On page 49, Janus explains to Walker that the Chicago area suffered worse than most other parts of the world under the Visitors, saying, "To get at Lake Michigan, the Visitors had to cut us off from everyone else." Presumably, he means the Visitors wanted to get at Lake Michigan to take the water.

Page 56 reveals that there are food riots occurring in Chicago about 11 days after V-day.

On page 69, Janus makes reference to a past news report about a Visitor who saved a chemical plant worker "in a vat of liquid nitrogen or oxygen or something". He is referring to Willie saving Caleb in "Arrival".

On page 71, Gerald reveals himself to the captured Walker and Janus. Janus exclaims that Gerald was killed at Daley Center on V-day; Gerald tells them it was a double who was killed there. Daley Center is the Civic Center of Chicago and its courtyard is known for a massive sculpture by artist Pablo Picasso.

On pages 71-72, the shuttle carrying Walker and Janus enters the open hangar bay of the (former Chicago) mothership in space. Walker wonders what force is used to prevent those in the landing bay from being sucked out into space while the bay doors are open. In most sci-fi depicting this sort of ingress/egress, magnetic fields are described as being the force preventing the artificial atmosphere of the ship from escaping into space.

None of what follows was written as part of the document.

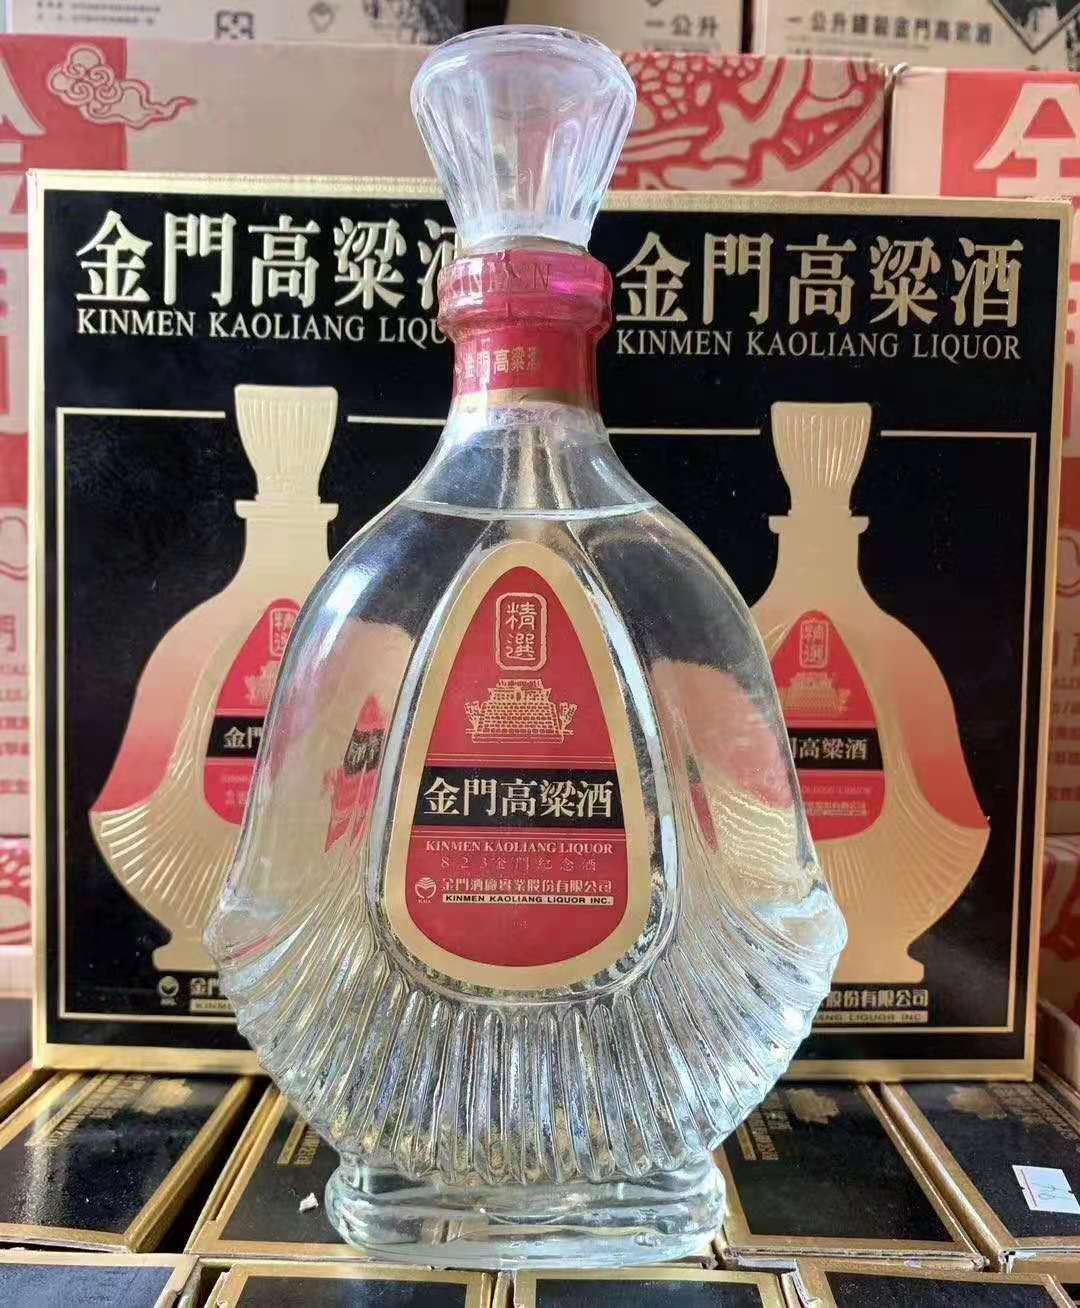 中国台湾高粱酒823金门纪念酒58度600ml扁瓶黑盒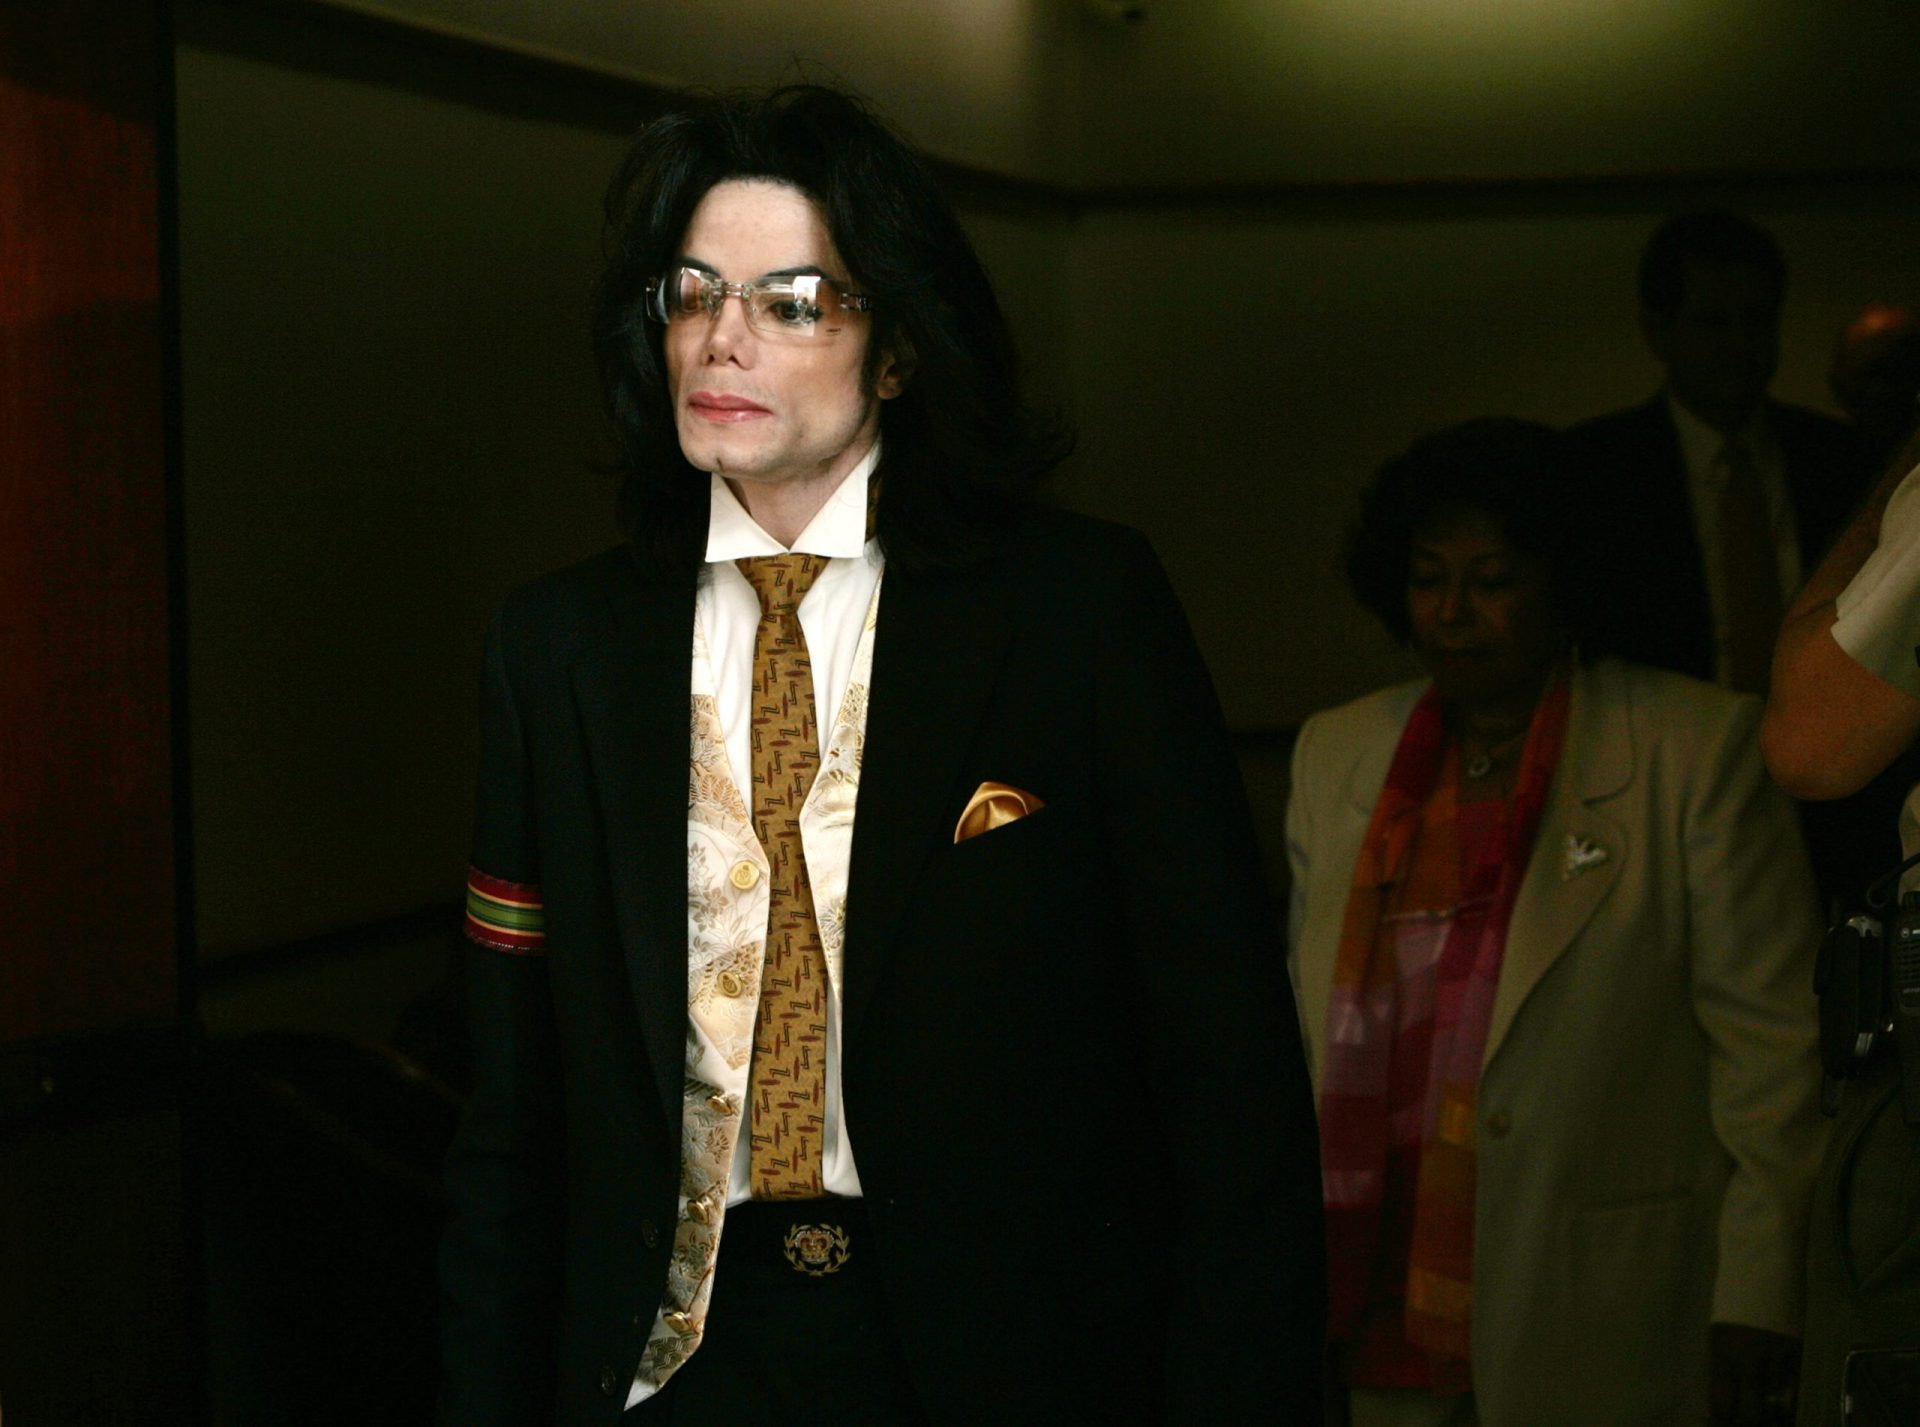 Namorada de Michael Jackson diz que revelações sobre alegados abusos sexuais a menores são mentira

In my study of the episode "The Masterpiece", I noticed that some unseen force keeps Julie's feet rooted to her spot in the conversion chamber. On page 77 of this book, it is revealed that the glowing circle in which the prisoner stands allows the chamber master to control the person's body. Here, Alicia makes Walker reach his arms out to her in this way.

On page 86, a fifth columnist called Jennifer helps Walker and Janus escape from the mothership. This is not the same Jennifer fifth columnist who appears in the novel East Coast Crisis. Nor is it the Jennifer fifth columnist from the novel The Pursuit of Diana. I would assume the Visitors have 27 Jennifers.

On page 96, while flying the Visitor shuttle with Jennifer, Walker says, "This thing practically flies itself." This mimics Martin's words when he advises Donovan on flying one in "Plan for Resistance".

On page 97, Jennifer echoes Alicia's earlier comments that Visitor scientists can not be far behind on producing their own antitoxin to the red dust.

On page 102, Jennifer explains to Walker and Janus that the podded humans are safe for now. They are to be delivered to Sirius, not consumed on the ship. She says they have breeding pens for small animals for onboard consumption.

On page 145, while Walker, pretending to be a Visitor trooper, is shuttled with the rest on a 4-hour trip to the mothership, he wonders why the Visitors around him have not smelled the mammal in their midst considering he has not bathed for 3 days! We never get an answer to this. Perhaps the Visitors have a poor sense of smell? Or the false human faces they wear obstruct their sense of smell?

Page 156 reveals that the Commander of the Houston ship is called Lewis.

Page 160 reveals that since the Visitors come from a water-poor planet, their sensors are not equipped to deal with a cloudy environment and do not work well in it.

Page 162 reveals that the Commander of the London ship is called Ian and the Commander of the Mexico City ship is called Maria.

On page 168, Nordine says that the doctors hope that with luck and a lot of work, they may one day be able to undue the mess made of the minds of Tyford and the other converts. If the events of The Pursuit of Diana are to be believed, this may be easier than they think with the help of the fifth columnists left behind and the conversion chamber on the captured L.A. mothership.